# RLC Circuit Question

• Apr 17th 2013, 05:19 AM
tammyl
RLC Circuit Question
I have the following question to work out:-

A defibrillator consists of a open circuit containing a capacitor of 40 $\mu$F and an inductor of 0.05H. A patient has a resistance of 60 $\Omega$ when the defibrillator is discharged through him. Find the current during discharge if the capacitor is charged initially to 5000V.

Solving the second order linear D.E. for RLC circuits from:

$L\frac{d^2Q}{dt^2} + R\frac{dQ}{dt} + \frac{1}{C}Q = E$

I got the following general solution for Q (where L = 0.05, R = 60, C = $40 x 10^{-6}$ and E = 5000) -

$Q(t) = c_{1} e^{-600t} cos 100 \sqrt{14}t + c_{2} e^{-600t} sin 100 \sqrt{14}t + 0.02$

I am confused as how to get $c_{1}$ and $c_{2}$. I used the intial conditions of t=0 and Q=0 to get $c_{1}$ = -0.02 but I am unsure as how to get $c_{2}$.

Also how do I get the current?
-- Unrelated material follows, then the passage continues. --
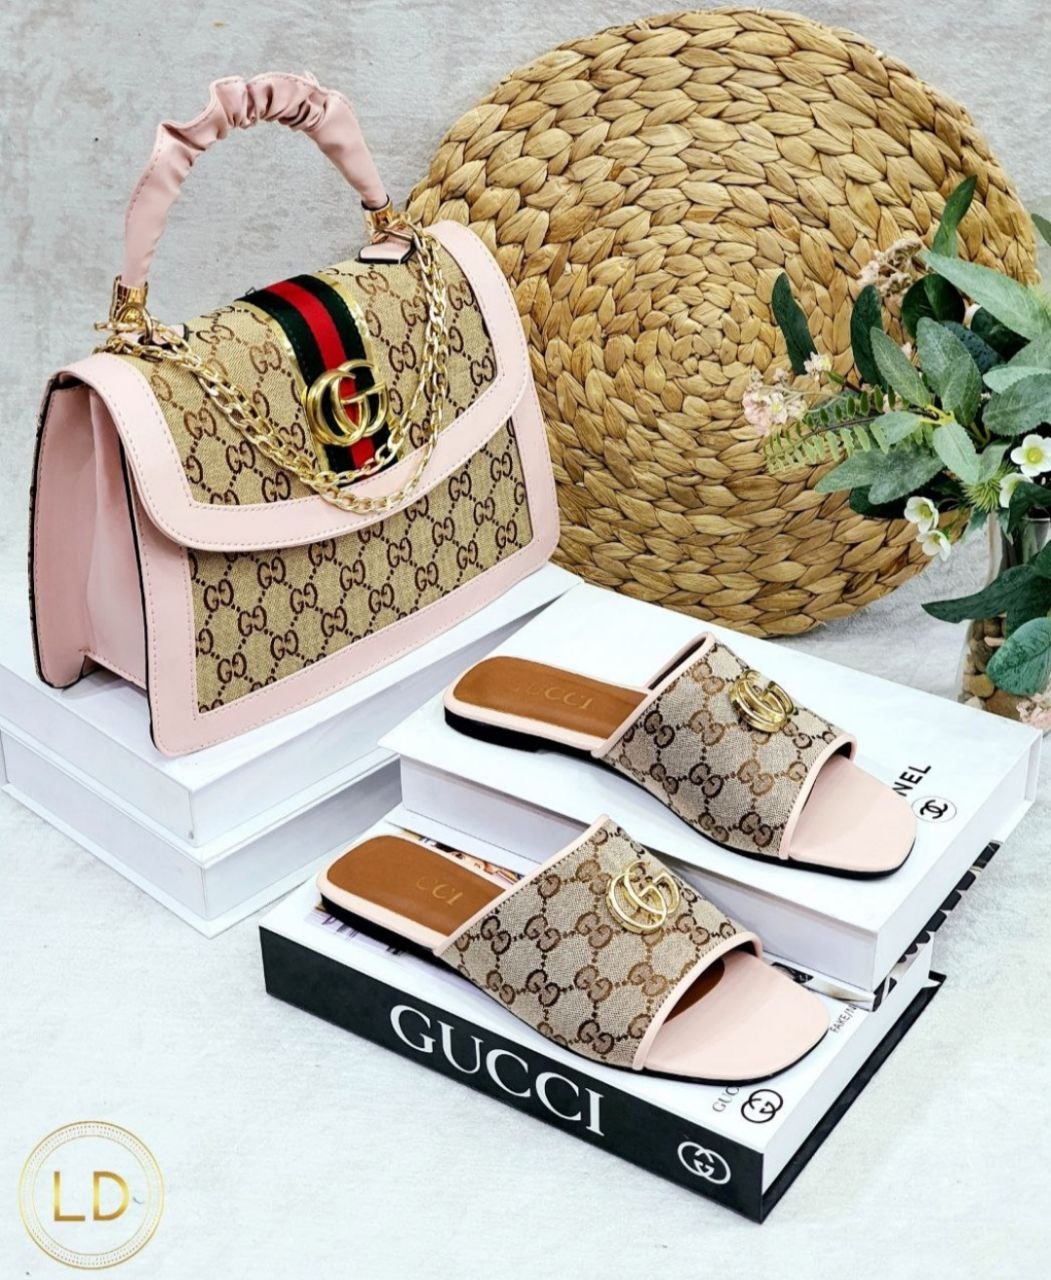 Gucci sandals and handbag set

Would it be also at t=0?

Any suggesstions would be greatly appreciated.
• Apr 17th 2013, 06:35 AM
russo
Re: RLC Circuit Question
First of all I would (just for convenience) rewrite Q(t) as $Q(t) = e^{-600t}\left[c_1 cos\left(100 \sqrt{14} \, t\right) +c_2 sin\left(100 \sqrt{14} \, t\right)\right]\, \, (1)$.

Secondly, $i(t) = \frac{dQ(t)}{dt}$ where i is current.
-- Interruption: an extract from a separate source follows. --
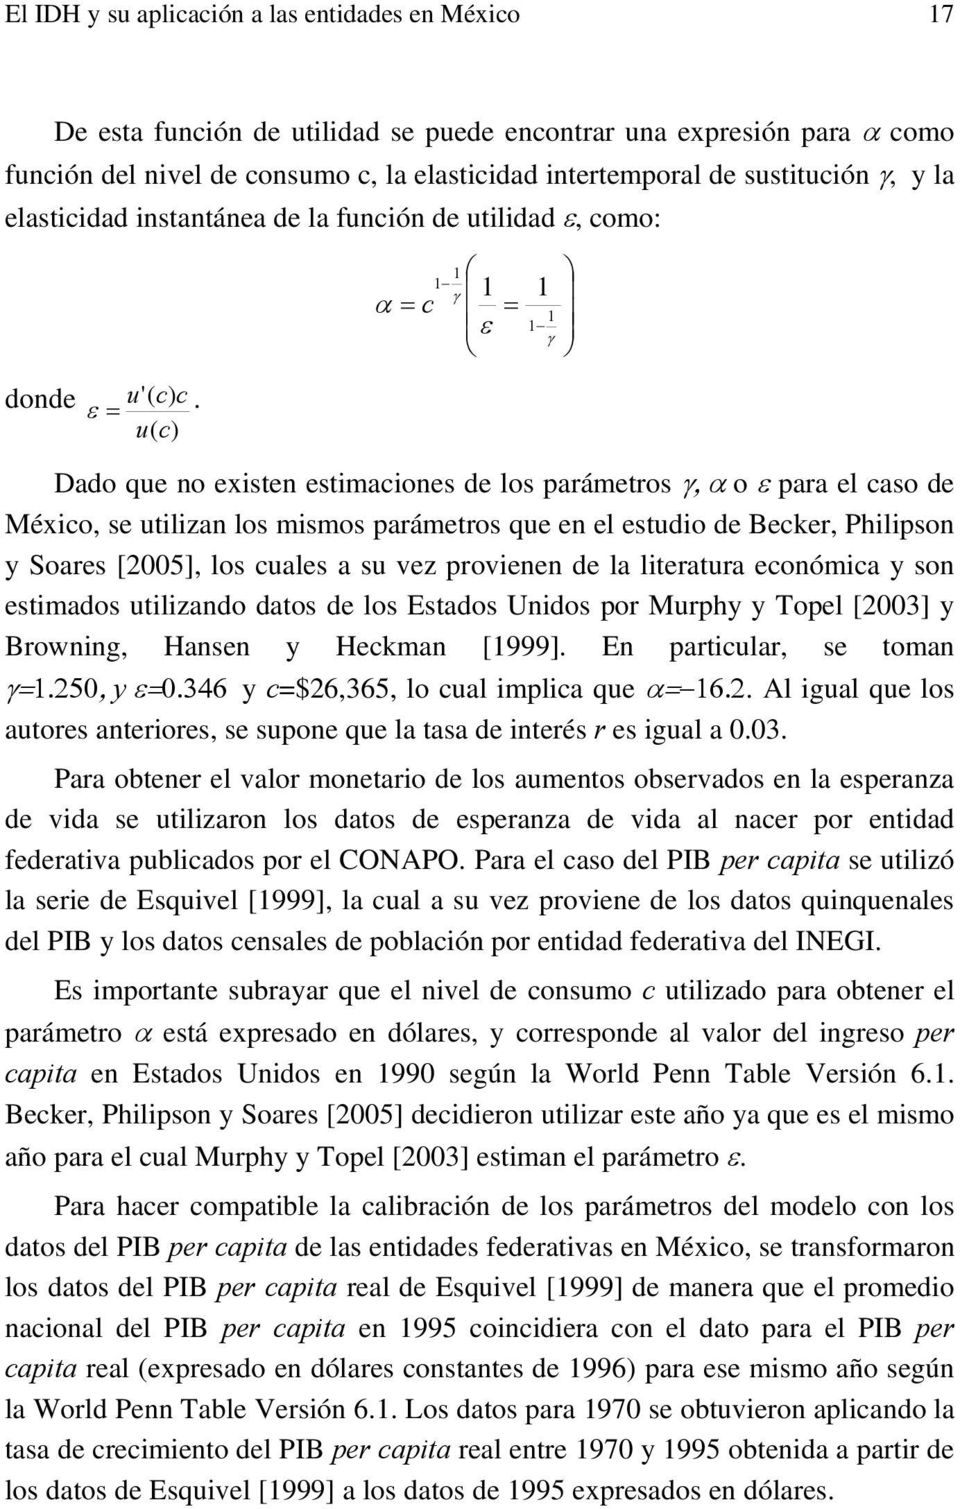 u( c) Dado que no exsten estmacones de los parámetros γ, α o ε para el caso de Méxco, se utlzan los msmos parámetros que en el estudo de Becker, Phlpson y Soares [5], los cuales a su vez provenen de

Also, have you assumed that Q(0) = 0?, because, as I understand, since $C = \frac{Q}{\Delta V}\, \, (2)$ and $\Delta V = 5000\, Volts$ and C is constant, there are charges involved from the beggining (the capacitor is storing that charge eventually).

The problem also states that the capacitor is discharging so the charges are moving (which means that $i(0) \neq 0$).
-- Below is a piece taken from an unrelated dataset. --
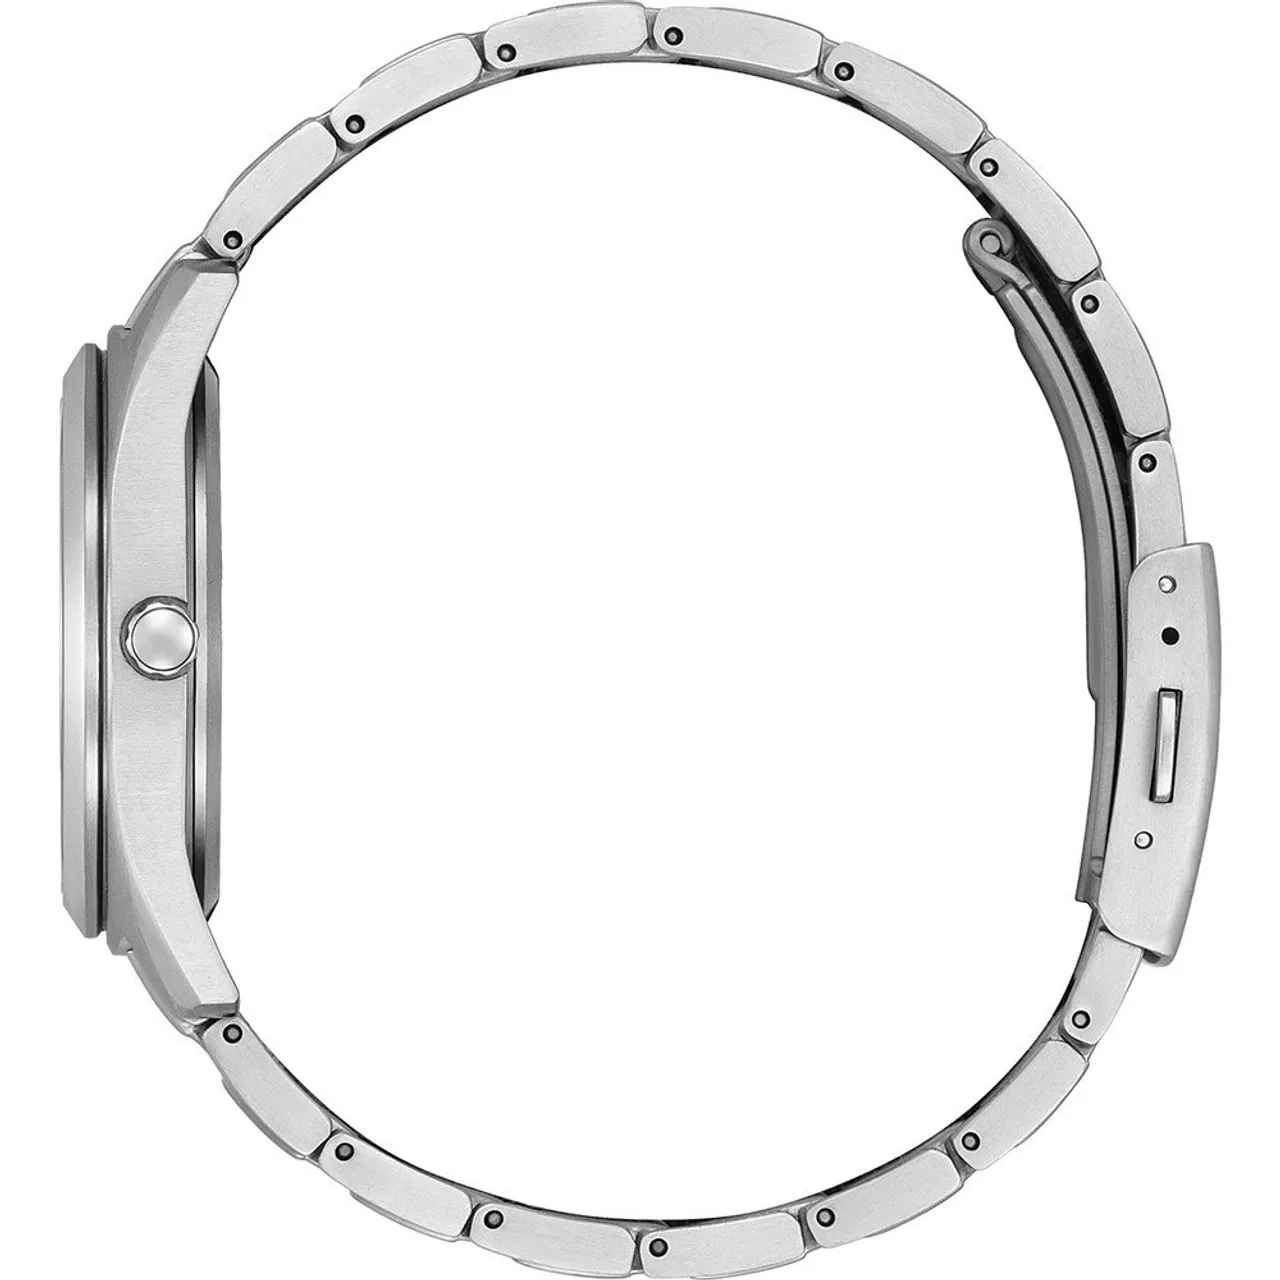 Citizen Super Titanium FE6151-82L Horloge

As for the constants, I would get Q from (2) and replace it in (1). There we have our first equation. For the second one I would replace (1) in the differential equation and that seems to be solvable.

Finally, the current will be a time function.

As an engineering student, I'd approach it that way. Hope it helps.